13. The method of claim 12 wherein the alkali metal salts are selected from a group consisting of bisulfite and bisulfate ions.

14. The method of claim 12 wherein the amount of the internal breaker is between 5 lb./1,000 gal. and 30 lb./1,000 gal. based on the volume of the fluid loss control pill.

15. The method of claim 12 wherein the gelling agent comprises at least one polymer selected from the group consisting of a natural polymer, a synthetic polymer, xanthan, a xanthan derivative, a guar, a guar derivative, cellulose, and a cellulose derivative.

16. The method of claim 12 wherein the alkali metal salts are selected from a group consisting of bisulfate, bisulfite, metabisulfate, metabisulfite salts. ammonium chloride ammonium oxalate, sodium bicarbonate (NaHCO3), sodium hydrosulfide (NaHS), sodium bisulfate (NaHSO4), monosodium phosphate (NaH2PO4), and disodium phosphate (Na2HPO4).

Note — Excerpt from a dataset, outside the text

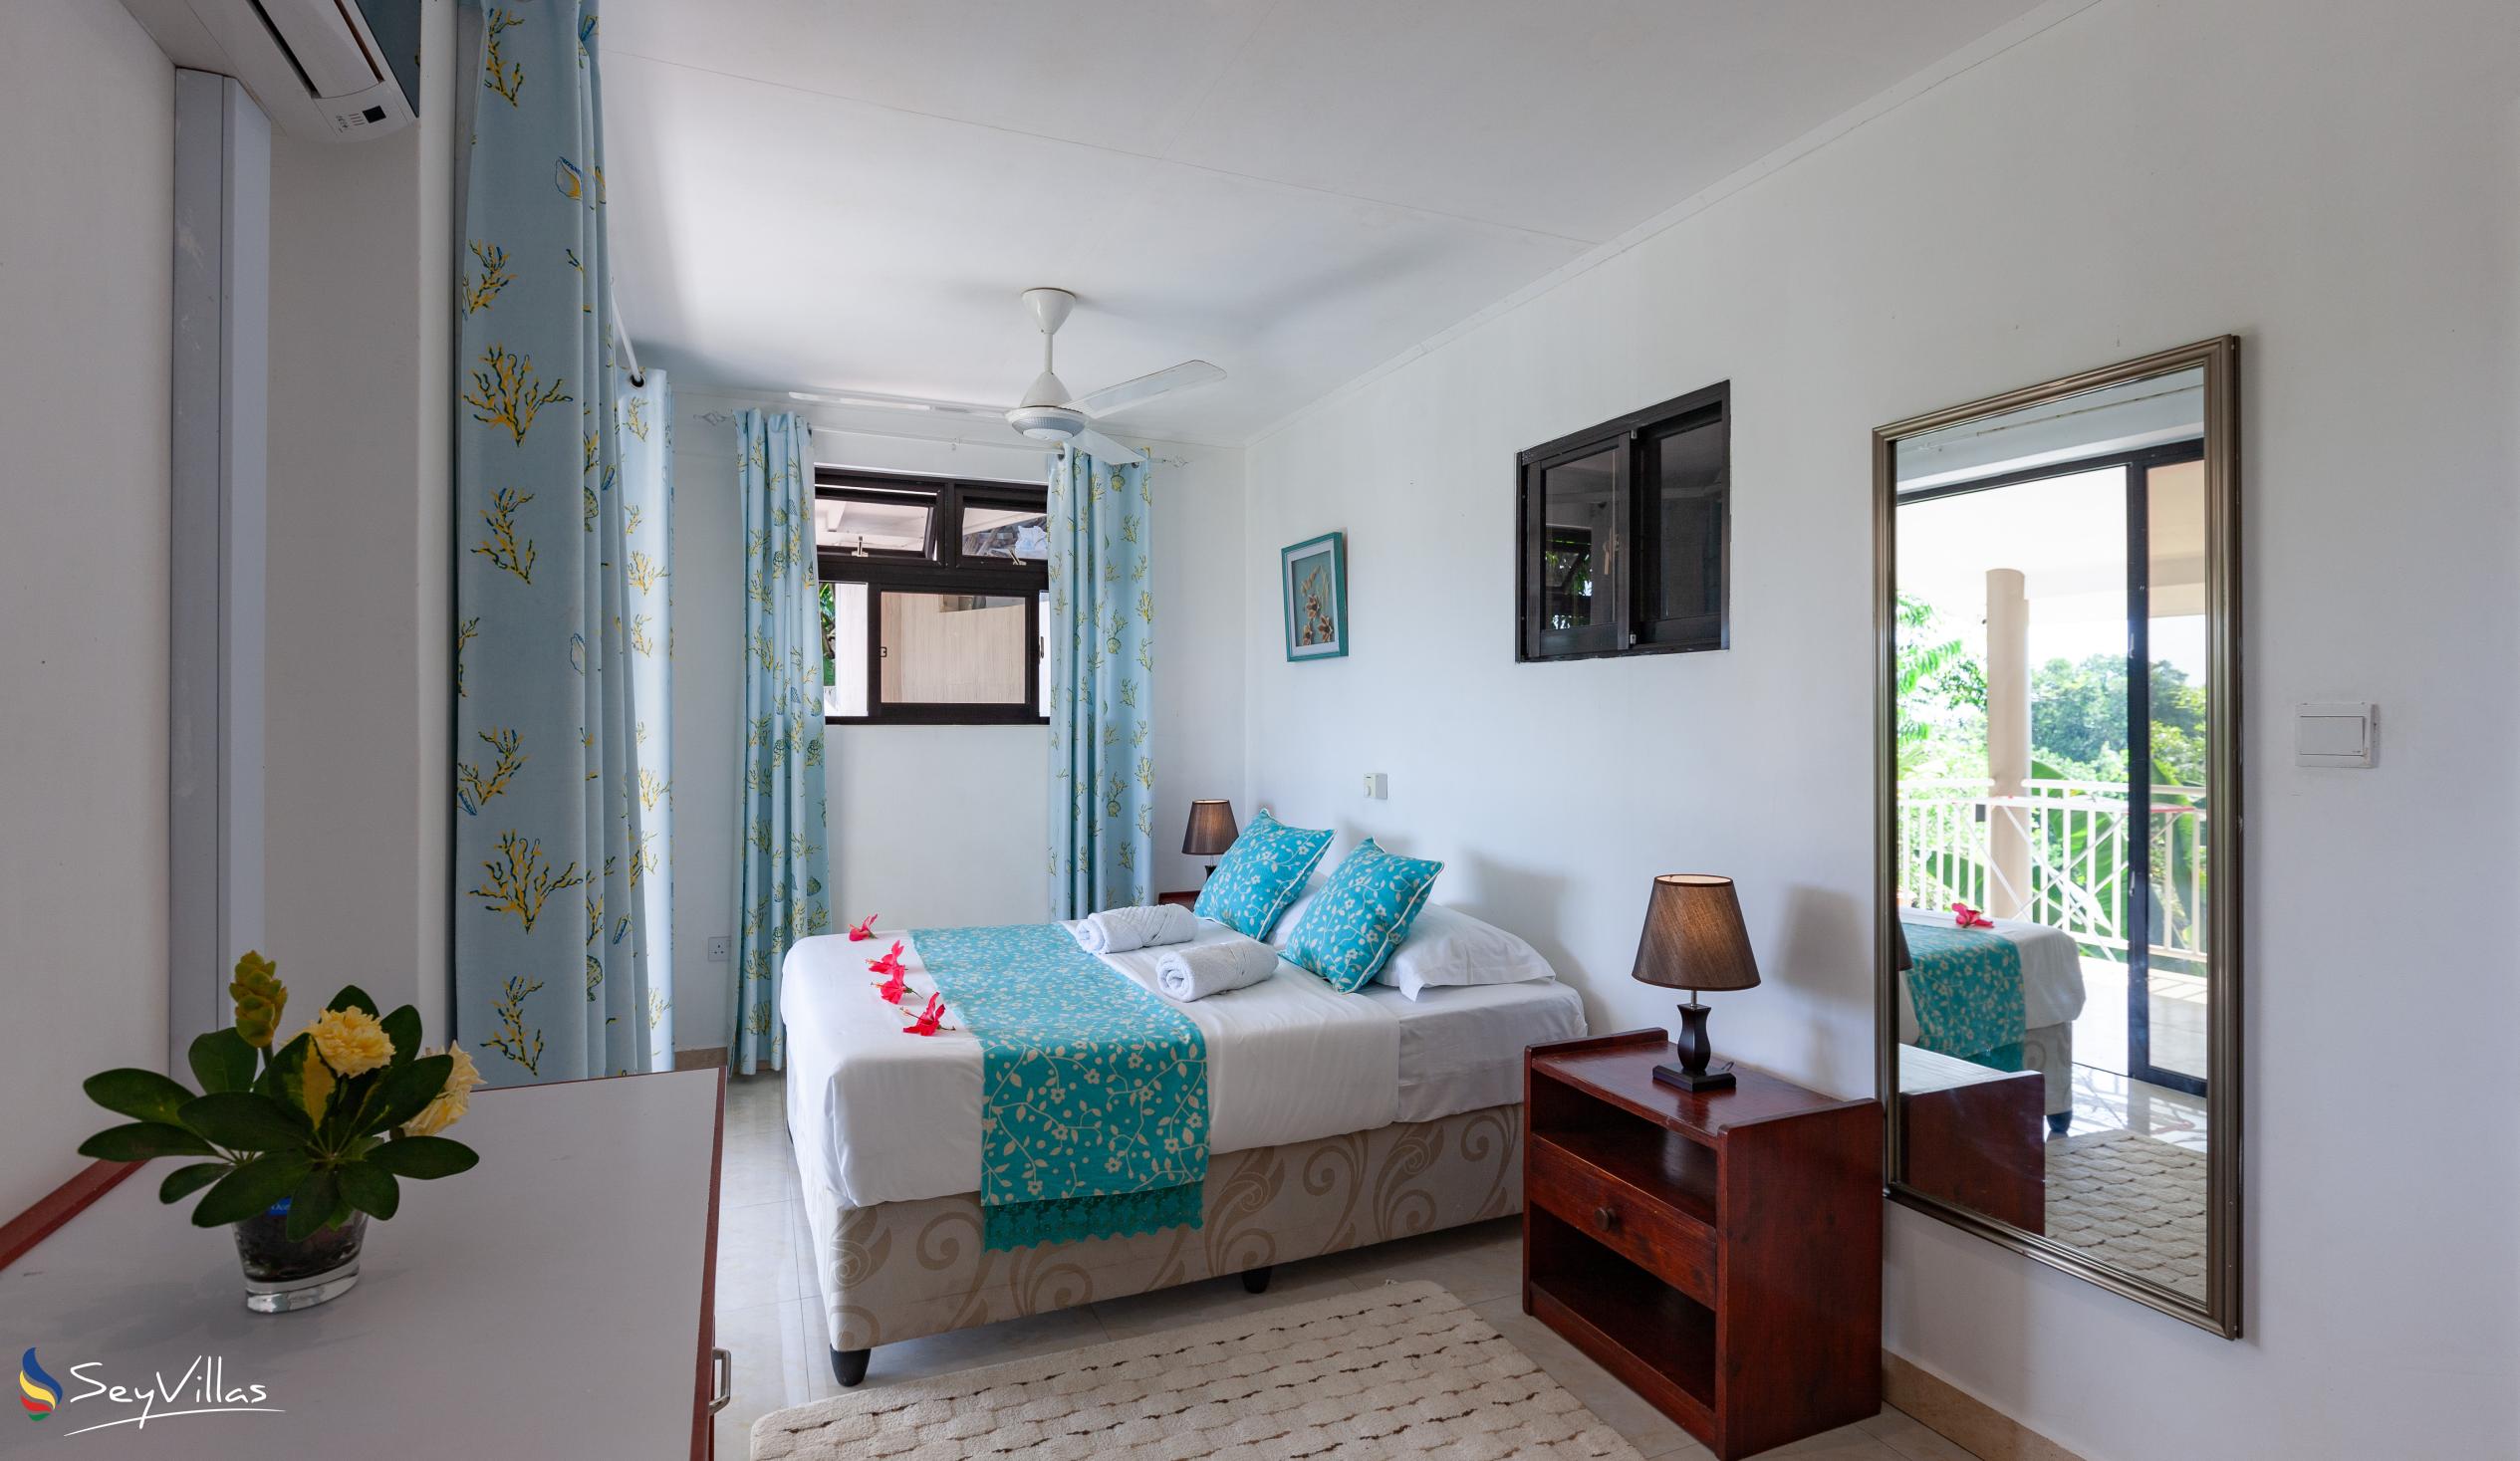 Foto 16: Myra's Self Catering Apartment - Appartamento con 1 camera - Praslin (Seychelles)

17. The method of claim 12 wherein the gelling agent comprises a crosslinked gelling agent that crosslinks the gelling agent in a crosslinking reaction.

18. The method of claim 17 wherein the crosslinked gelling agent comprises a polyvalent metal ion.

19. The method of claim 17 wherein the crosslinked gelling agent comprises at least one crosslinking agent selected from the group consisting of aluminum, antimony, boron, chromium, zirconium and titanium.

20. The method of claim 17 wherein the fluid-loss control pill comprises an additive selected from the group consisting of: propylene glycol, a gel stabilizer, a clay fixer, a bridging particulate, a surfactant, a corrosion inhibitor, a biocide, a pH control additive, an oxidizer, an enzyme, an encapsulated breaker, an inorganic acid, an organic acid, and a weighting agent.

21. The method of claim 17 wherein said breaker can be a solid form, a solution form, emulsified form or a slurry form.

22. The method of claim 17 wherein the subterranean formation temperature is between 100 degrees F. and 400 degrees F.

23. The method of claim 17 wherein said breaker generates an acid from said inorganic salt, said acid from between one day to seven days.

24. The method of claim 17 wherein said fluid-loss control pill has a pH between 4 to 11.

25. The method of claim 17 wherein the step of introducing the fluid-loss control pill for a well treatment is selected from a group consisting of a fracturing treatment, a gravel packing treatment and a loss circulation treatment.